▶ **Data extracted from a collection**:
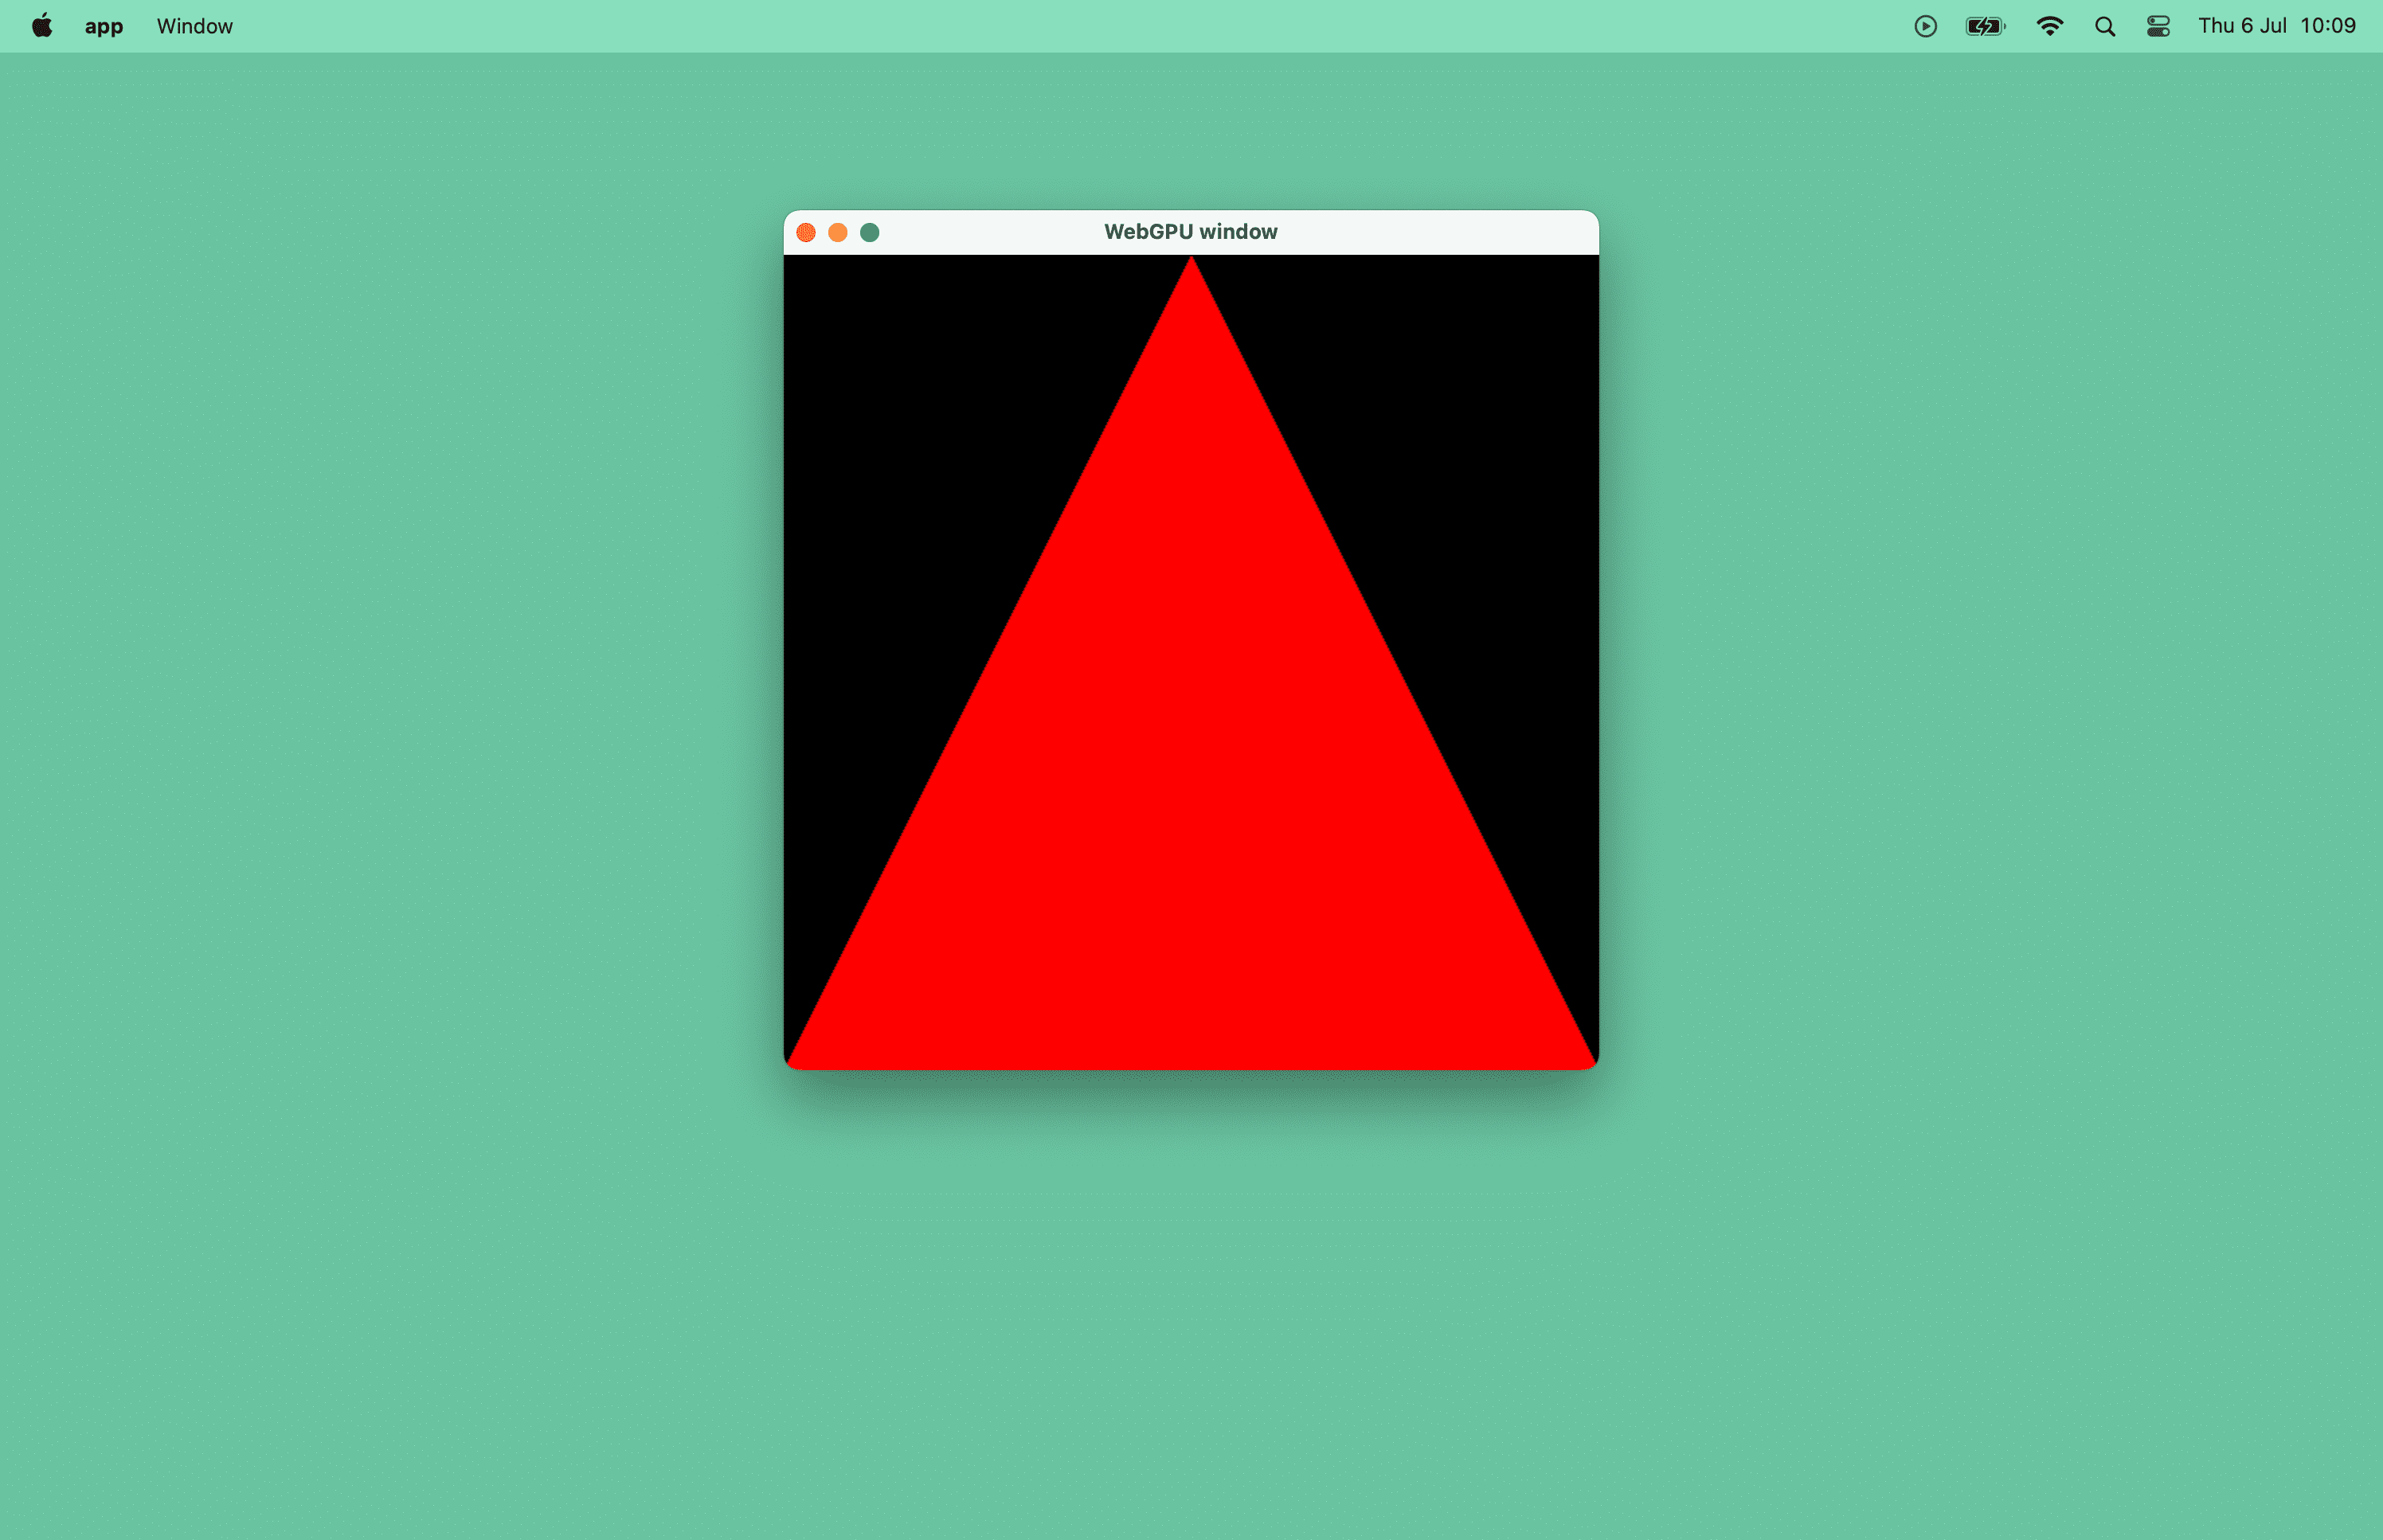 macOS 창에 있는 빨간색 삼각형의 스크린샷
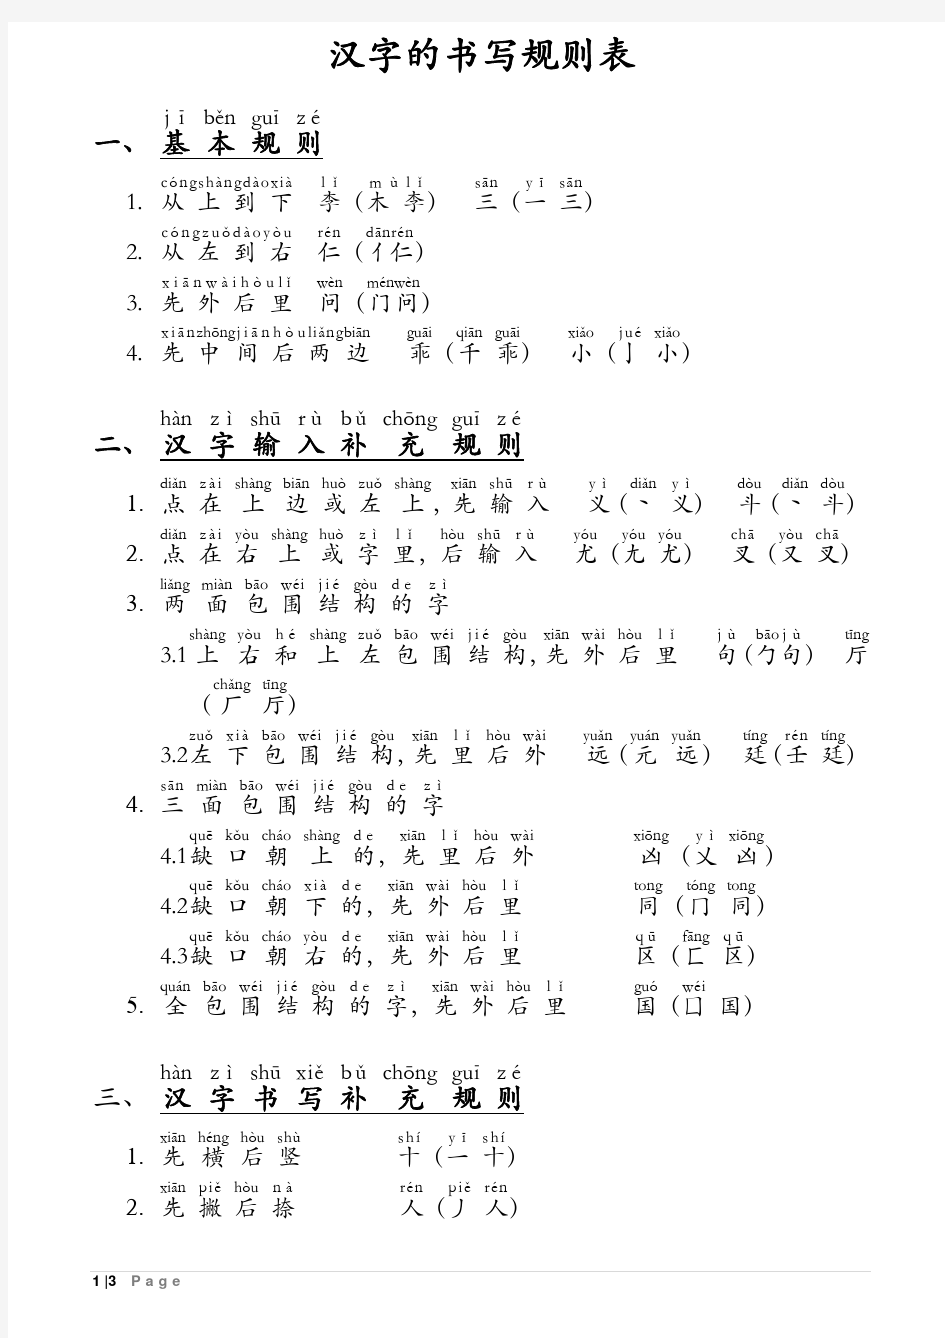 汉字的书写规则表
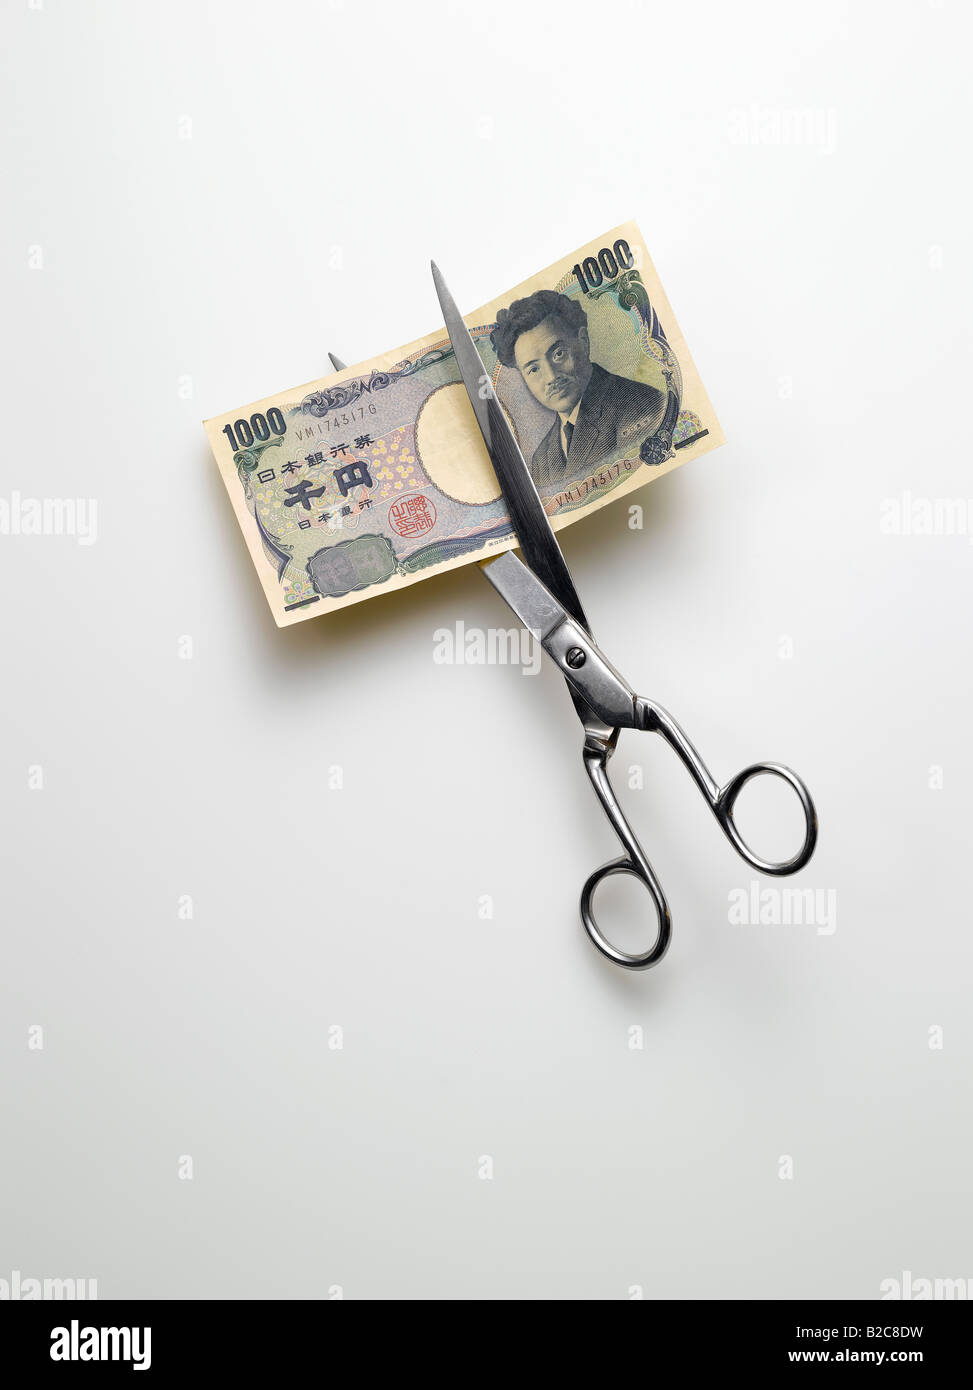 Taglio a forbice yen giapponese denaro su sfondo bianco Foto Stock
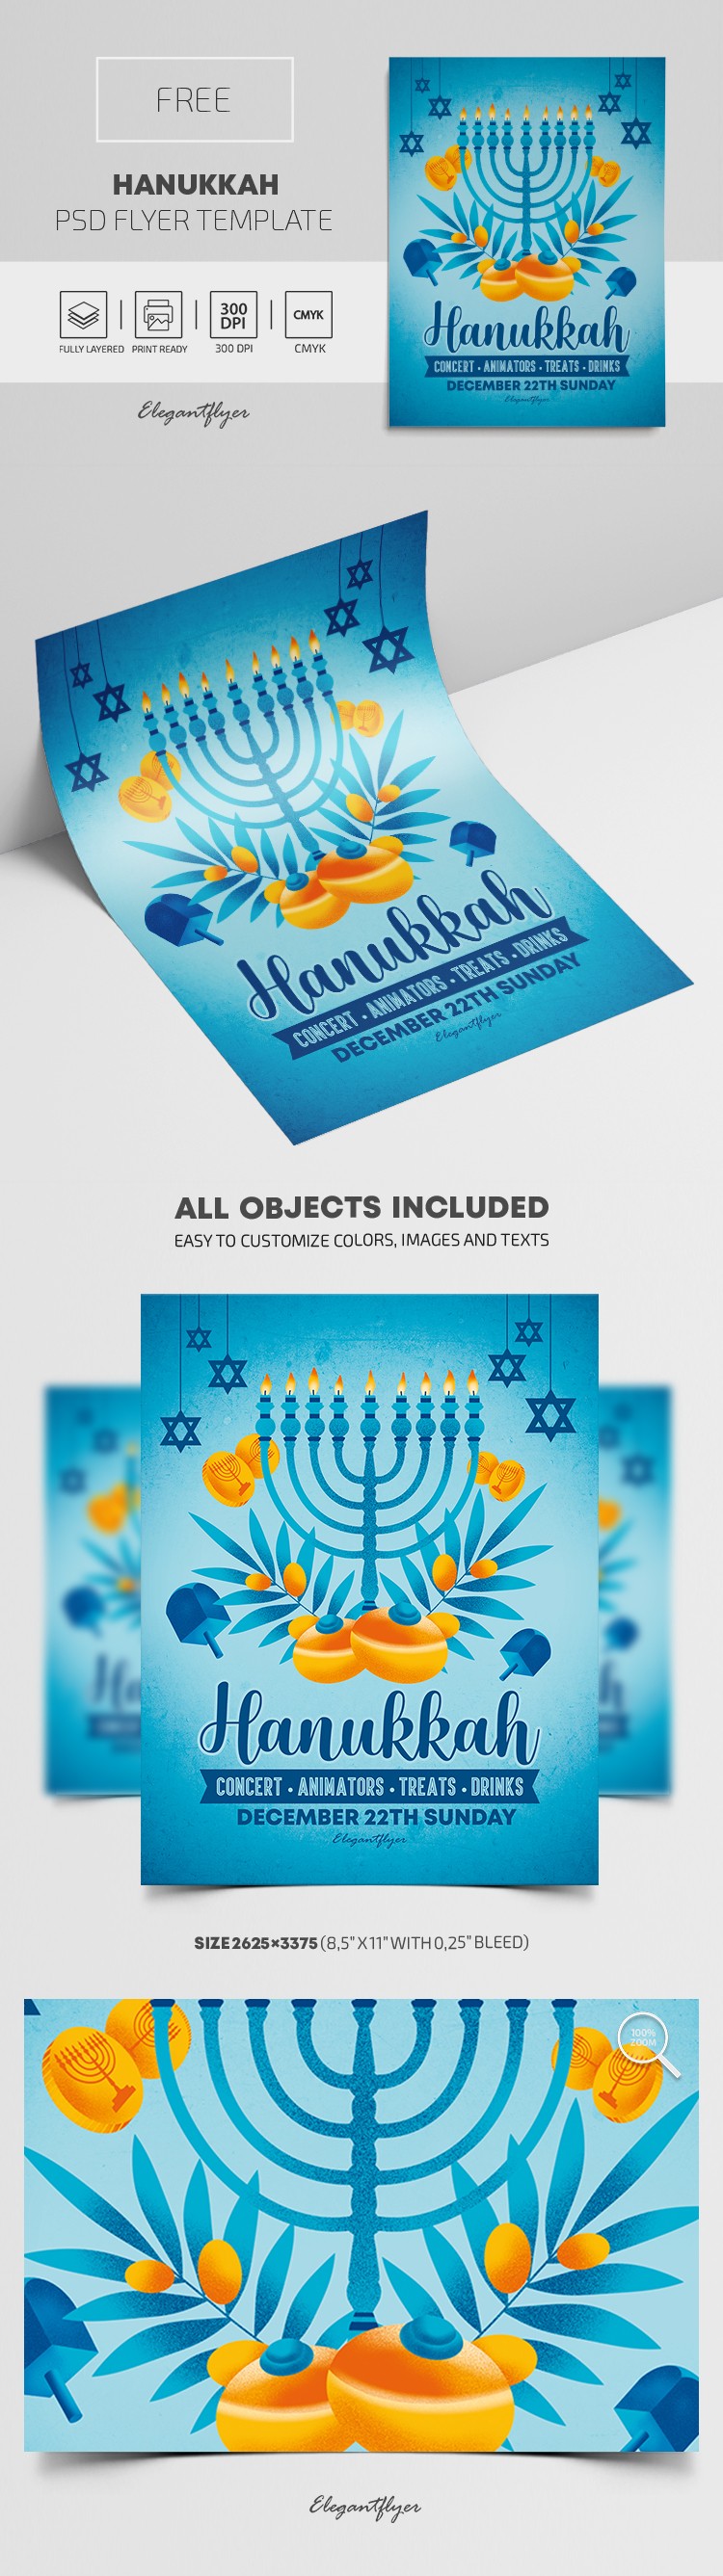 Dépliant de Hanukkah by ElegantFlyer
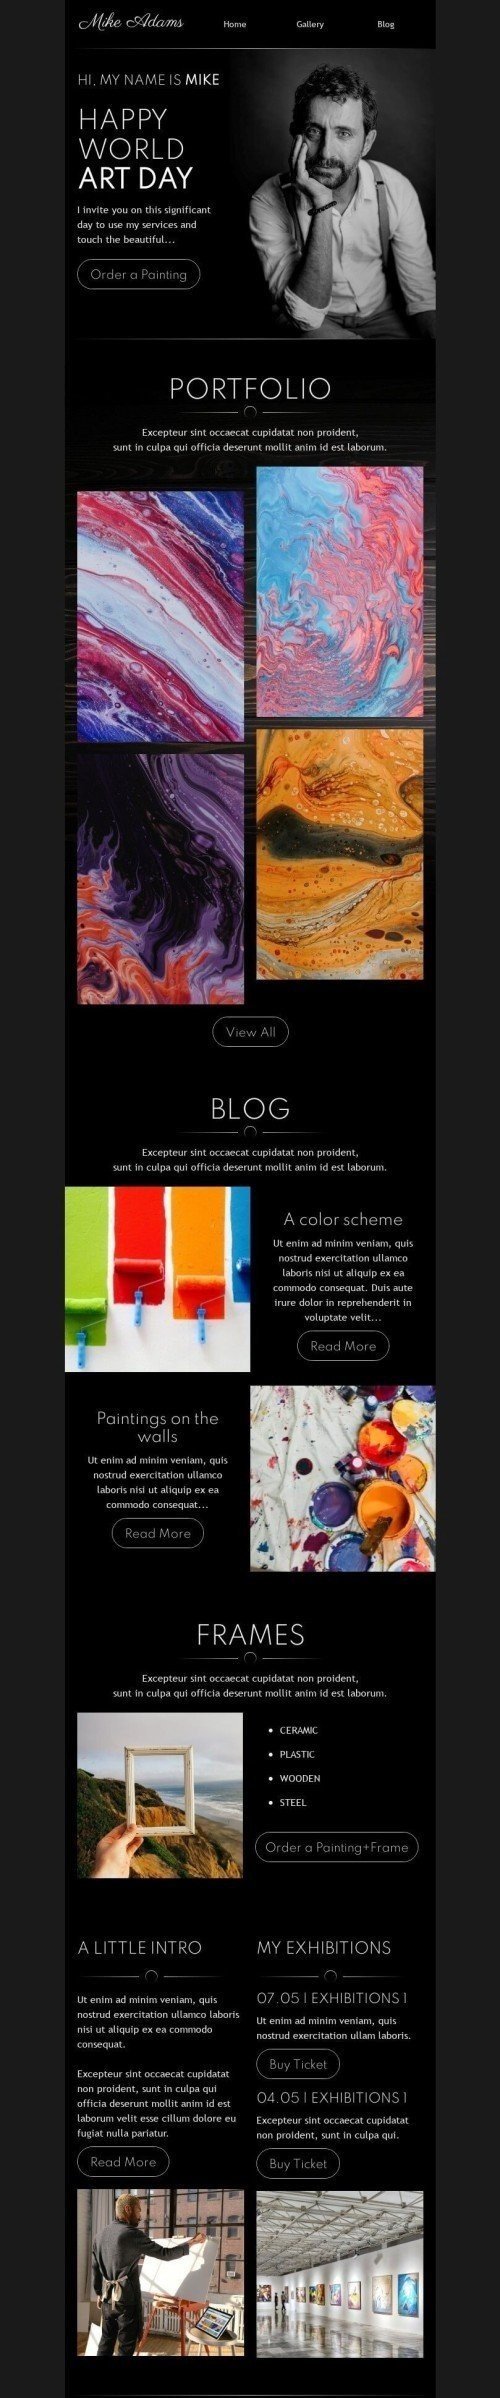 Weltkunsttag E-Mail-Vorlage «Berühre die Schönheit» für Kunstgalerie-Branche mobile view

▶ **PROMPT**: Write out the entries word for word. Skip the pictures.

▶ **ANSWER SPACE**:
 macOS 창에 있는 빨간색 삼각형의 스크린샷
 汉字的书写规则表
 Taglio a forbice yen giapponese denaro su sfondo bianco Foto Stock
 Dépliant de Hanukkah by ElegantFlyer
 Weltkunsttag E-Mail-Vorlage «Berühre die Schönheit» für Kunstgalerie-Branche mobile view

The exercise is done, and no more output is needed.